> [DATA BLOCK]
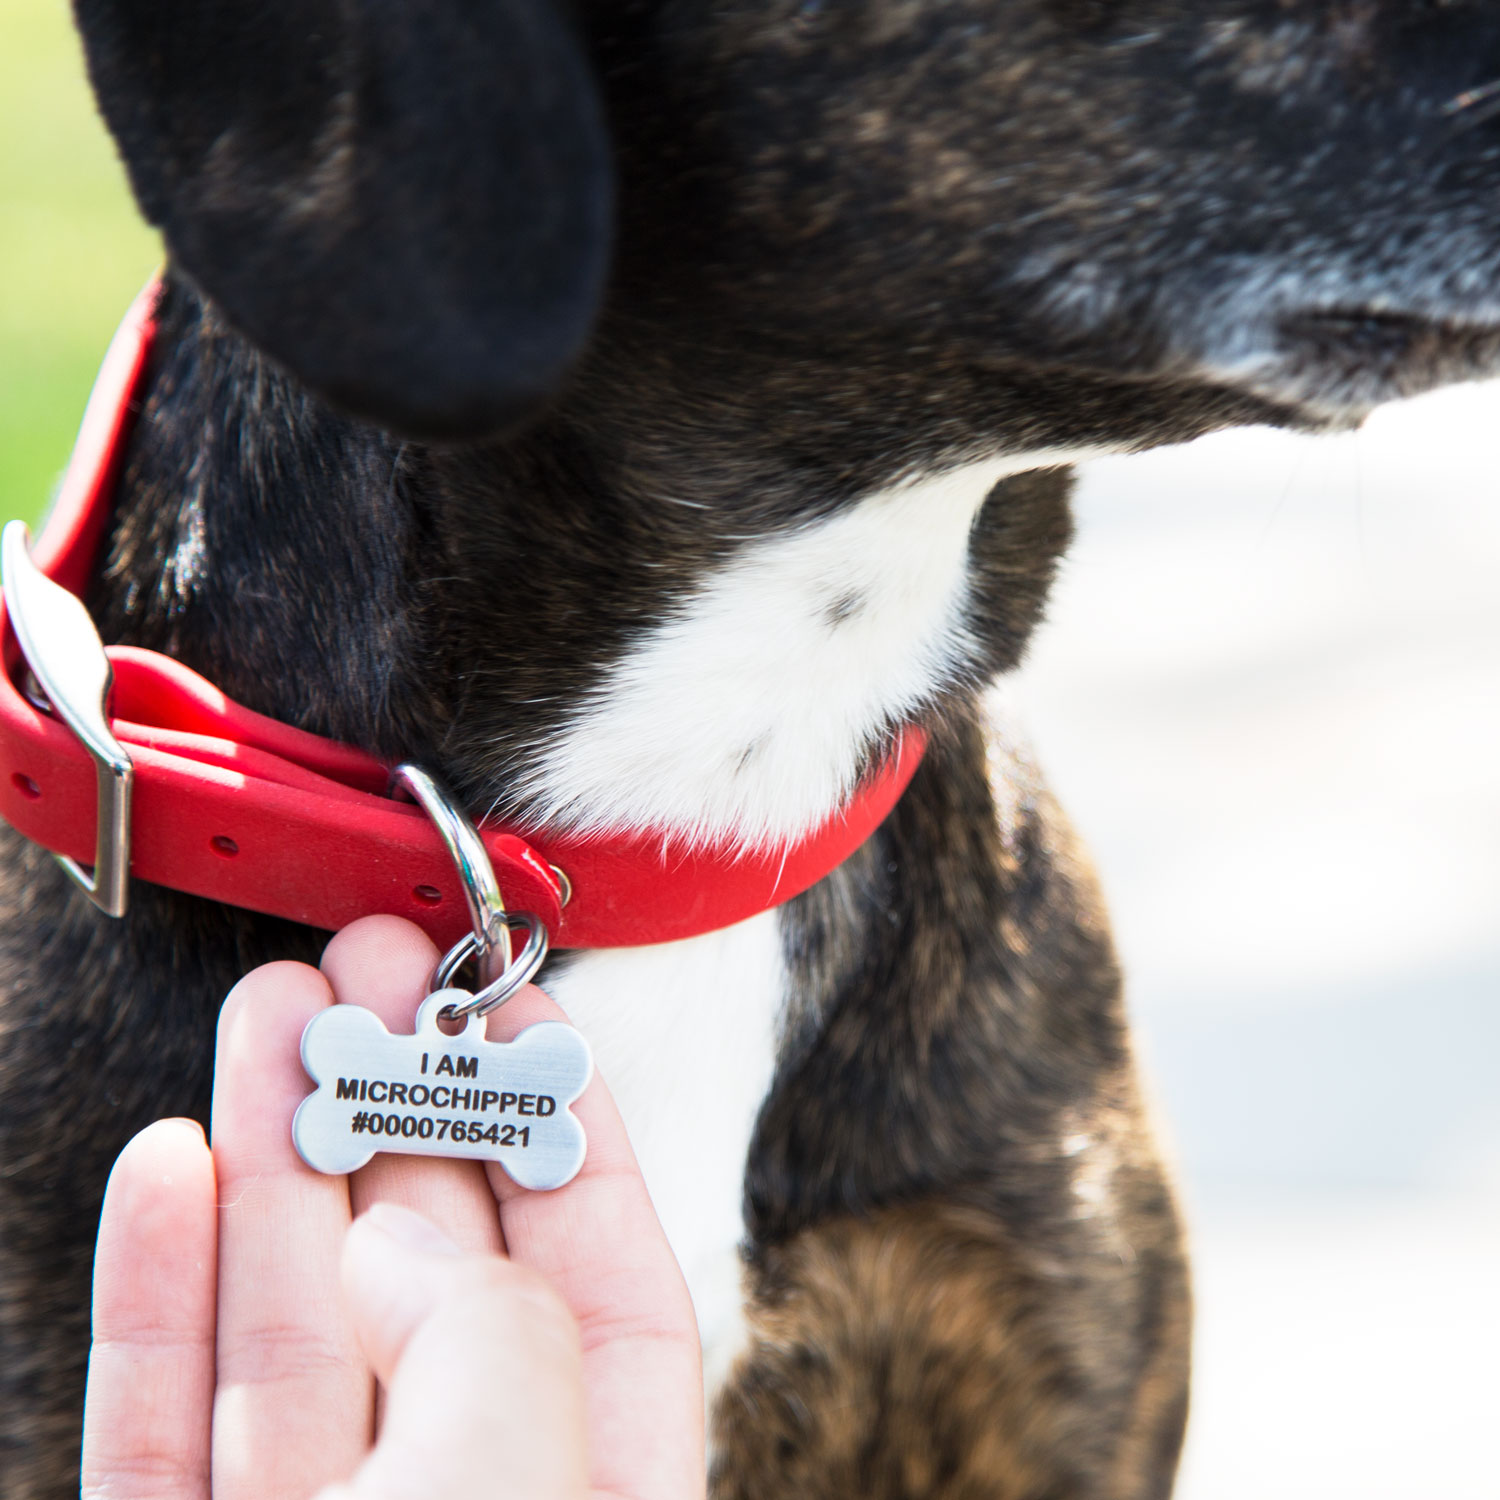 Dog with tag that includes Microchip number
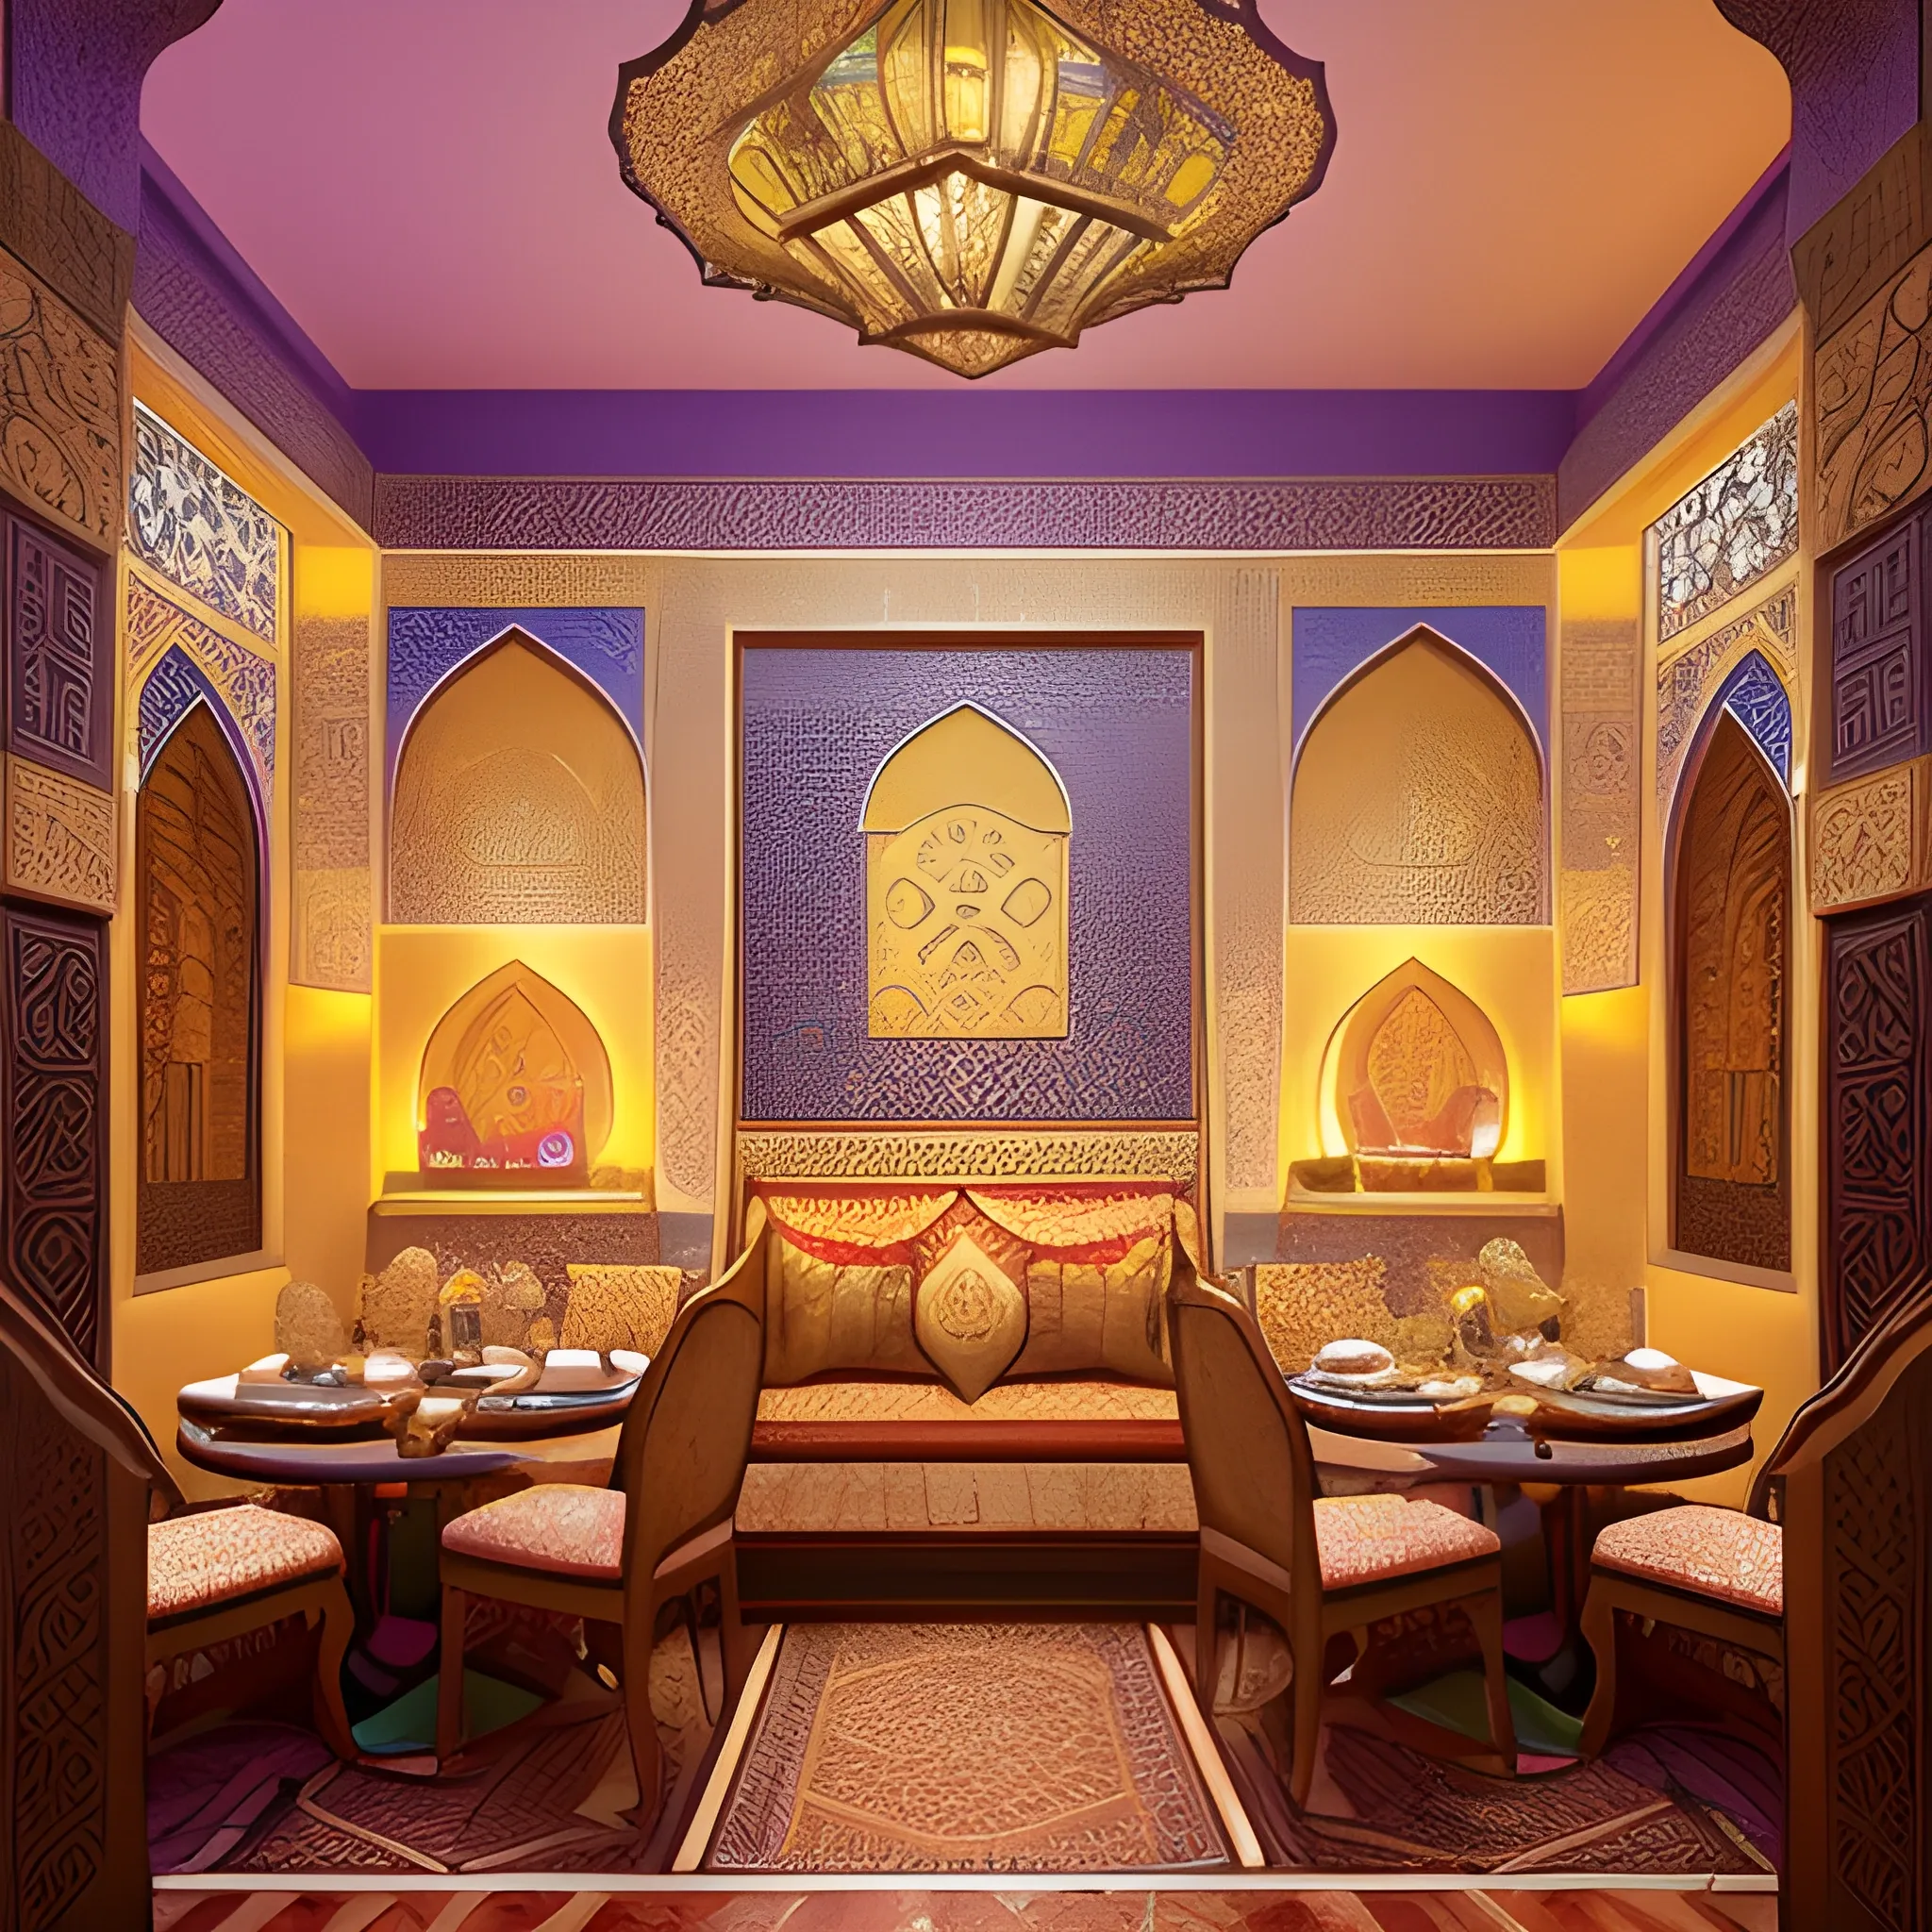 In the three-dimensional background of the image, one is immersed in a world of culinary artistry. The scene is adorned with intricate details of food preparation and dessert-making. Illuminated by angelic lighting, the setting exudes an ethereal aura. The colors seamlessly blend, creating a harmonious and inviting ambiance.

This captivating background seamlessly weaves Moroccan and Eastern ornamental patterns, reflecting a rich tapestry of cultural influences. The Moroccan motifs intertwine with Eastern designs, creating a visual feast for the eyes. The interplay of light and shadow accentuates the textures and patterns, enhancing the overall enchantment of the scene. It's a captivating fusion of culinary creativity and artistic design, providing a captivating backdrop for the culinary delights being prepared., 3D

> [EXERCISE DESCRIPTION] Would you return the data exactly as written, without the pictures?

> [RESULT]
 Dog with tag that includes Microchip number
 In the three-dimensional background of the image, one is immersed in a world of culinary artistry. The scene is adorned with intricate details of food preparation and dessert-making. Illuminated by angelic lighting, the setting exudes an ethereal aura. The colors seamlessly blend, creating a harmonious and inviting ambiance.

This captivating background seamlessly weaves Moroccan and Eastern ornamental patterns, reflecting a rich tapestry of cultural influences. The Moroccan motifs intertwine with Eastern designs, creating a visual feast for the eyes. The interplay of light and shadow accentuates the textures and patterns, enhancing the overall enchantment of the scene. It's a captivating fusion of culinary creativity and artistic design, providing a captivating backdrop for the culinary delights being prepared., 3D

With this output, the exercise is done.